35 years ago is just like yesterday. For those who remember, other event occurred around that time:
- On March 28, 1979 the USA had its worse nuclear reactor accident “3 Mile Island” in Pennsylvania.
- On April 2, 1979, Larry Bird and Magic Johnson opposed each other in the NCAA Championship basketball game.
As I look back 35 years, I confidently say “It was the greatest decision I ever made.”
I was 22 at the time, about to graduate college, and was in the deepest depression of my life. I did not understand how seriously depressed I was. I was an insecure adolescent, in an adult body.
I was getting a crash course in life. My normal experience at the time was one of daily tears and nervous shaking whenever conflict or stress arose. I was a people-pleaser and easily gave in to be accepted. I was quite a basket case. (Other blogs I have posted on this Victory Over Depression blog give a more descriptive experience of the depression I had.)

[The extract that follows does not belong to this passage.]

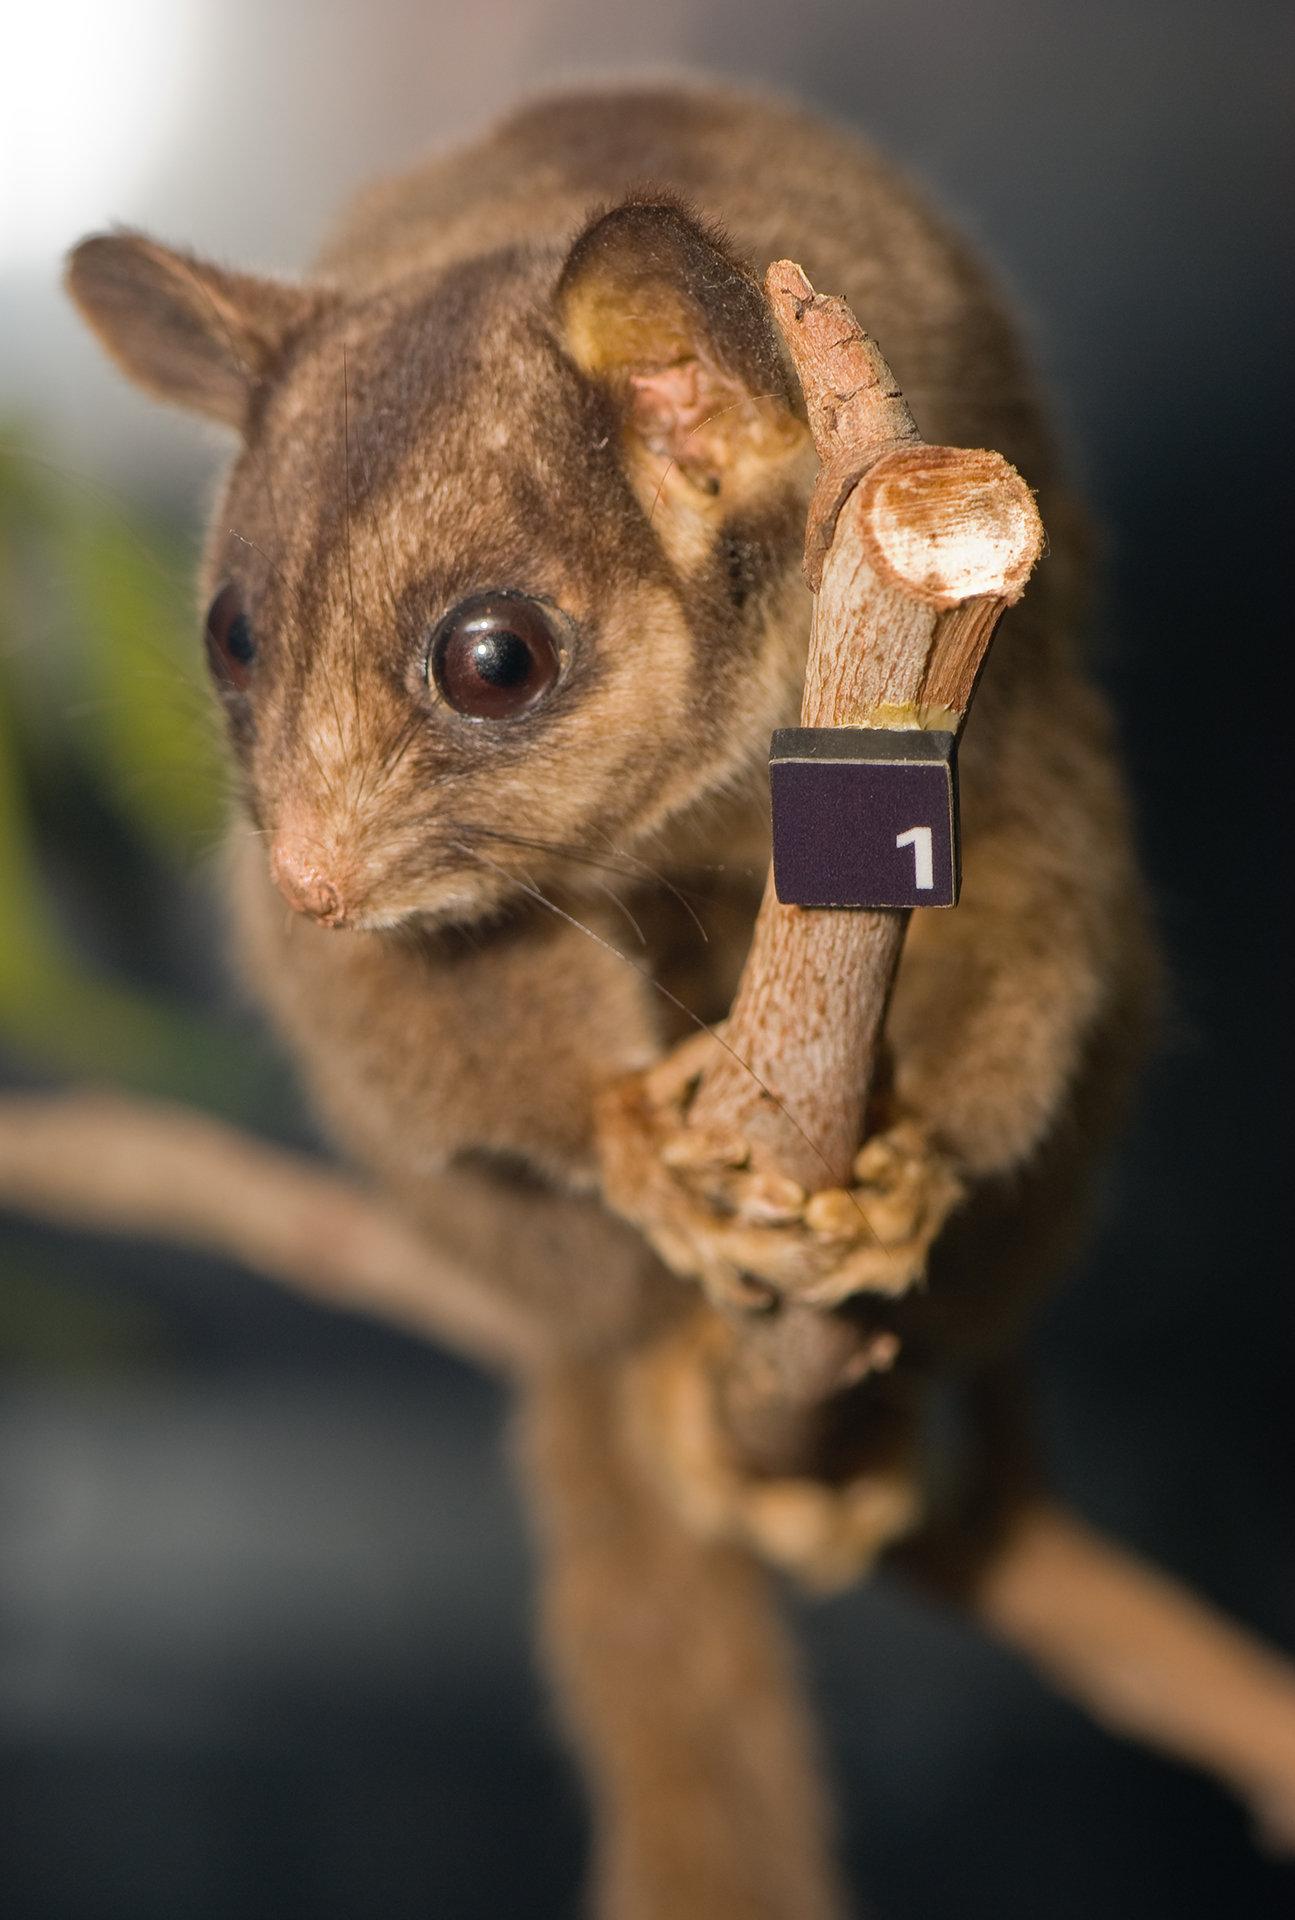 Leadbeater's possum - Wikipedia
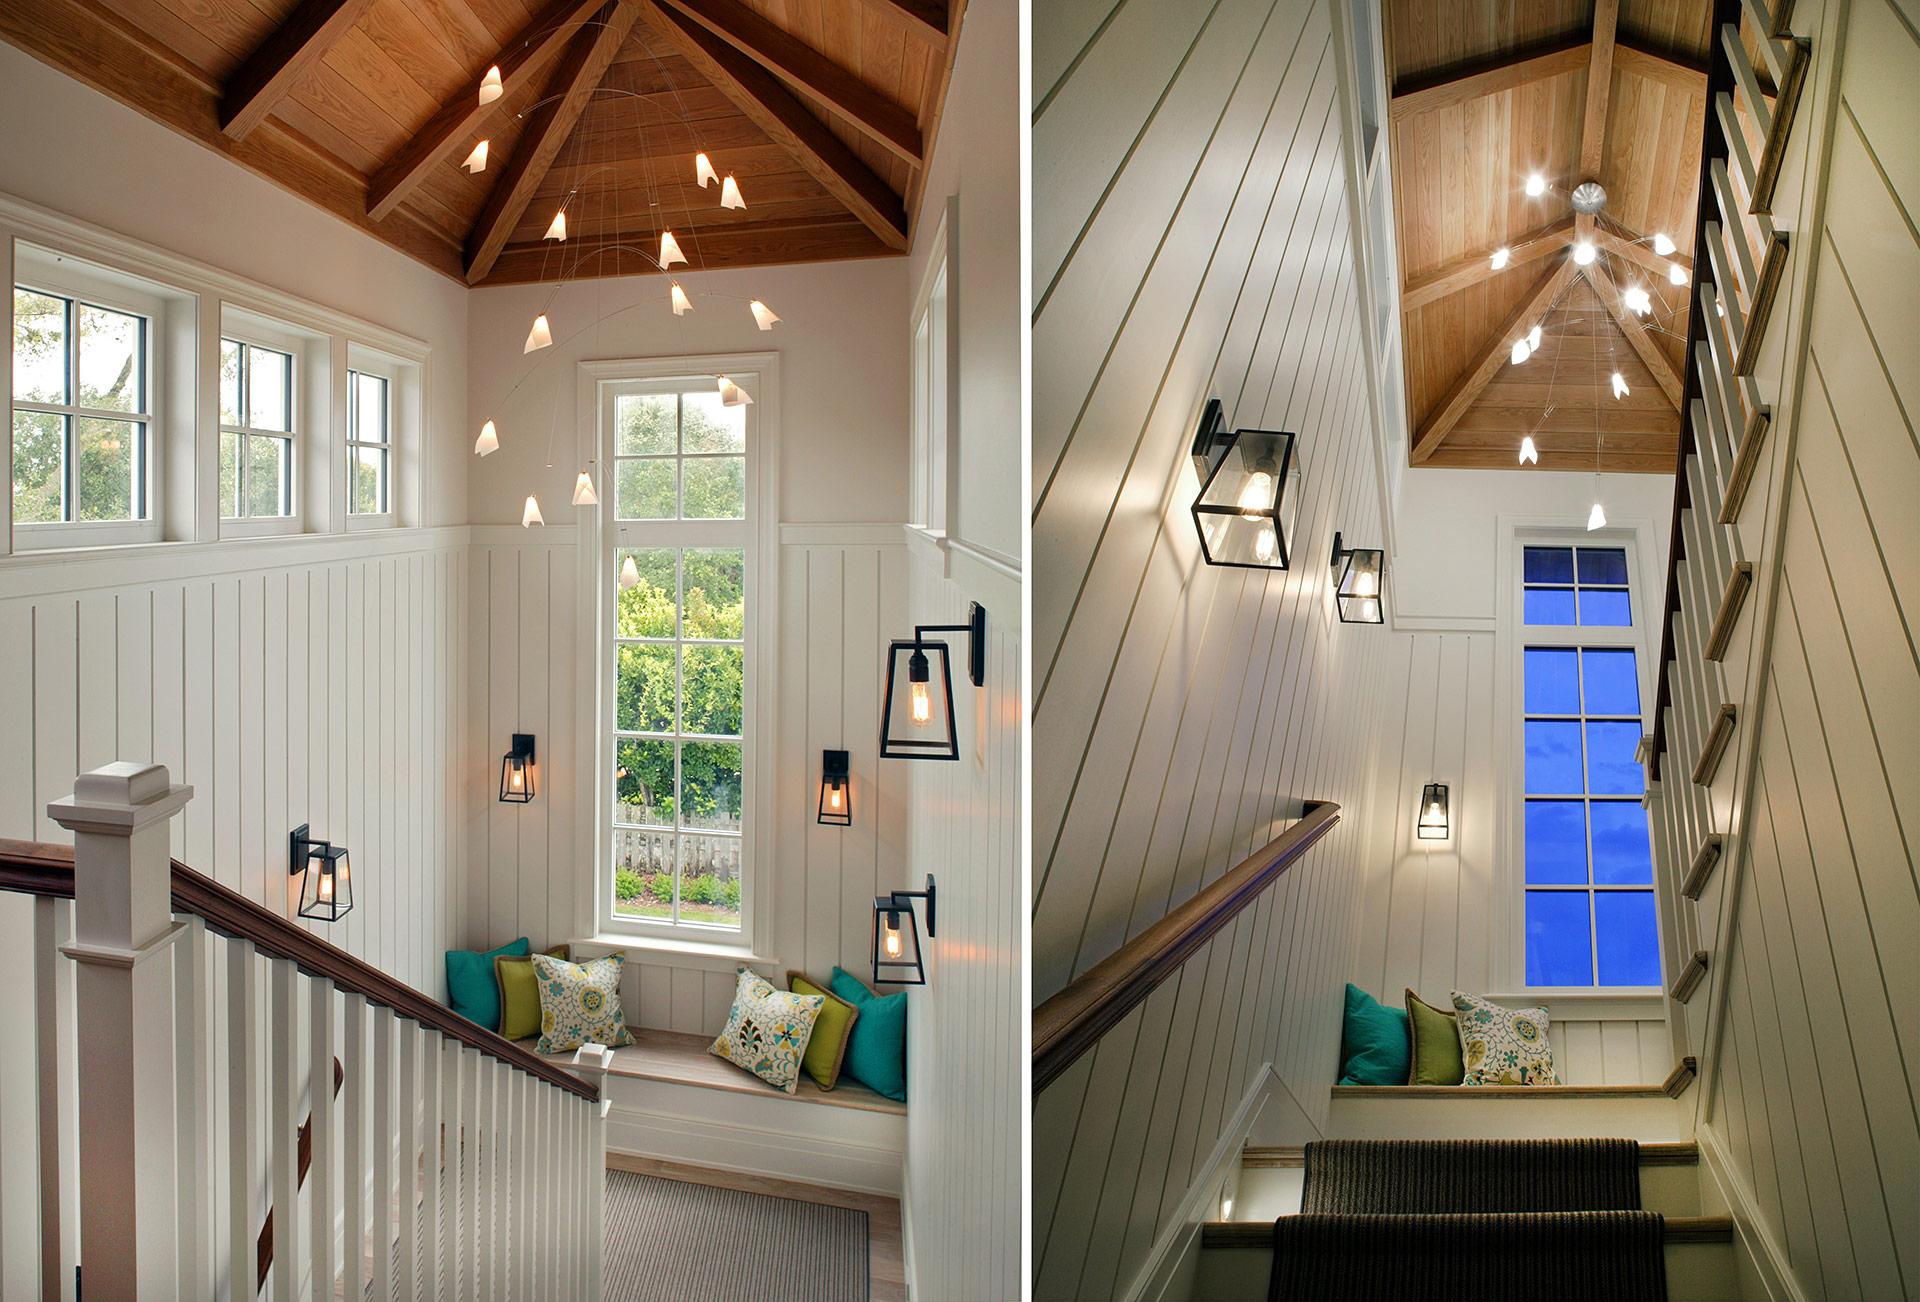 Likeable Beach Home Interior Design Of Luxury Theme Jacksonville Fl

As the day of April 1, 1979 came around, I kept trying anything to make sense out of life, to have my broken heart healed. (Can you relate?) I was so desperate and how I wish some people really understood the deep pain my heart was experiencing. No help came. I almost reached the point of considering suicide.
Fortunately, I came to realize to give God a try. God got my attention and was knocking on my heart’s door. I knew about God growing up, but never considered what a relationship is. I asked God that if He really showed Himself to me and helped me, I would be glad to change my life and give it all to Him.
God honored my prayer. The next day (April 2, 1979), I was on Cloud 9. Nothing bothered me anymore. It was the deepest, personal experience of love in my heart I ever had. It made me look above all my problems & insecurities because I now knew Jesus lived in me. This experience stayed with me for a few months. It was a deep burning passion every day. It lasted this long because God knew I needed this long. I was all by myself. I had no friends to share this with. It was just God and me. I knew I had become born again.
April 1, 1979 was April Fool on the devil. Amen!!!!!
It took many years for me to understand what a Christian needed to be. I still needed the deep depths of my broken heart healed. That’s why the depression persisted for another 17 years, despite knowing the Scripture so well. It was not until I really applied by faith daily the reality of CHRIST IN ME that the healing began. (I have added many blogs sharing this freedom and reality up to where I am today.)
Now I only let Jesus live through me. I pray that people see me they see JESUS IN ME.
JESUS IN ME is my victory. 35 years later I rejoice in the greatest choice I ever made.
CHRIST IN ME lives through me. (May you also choose wisely.)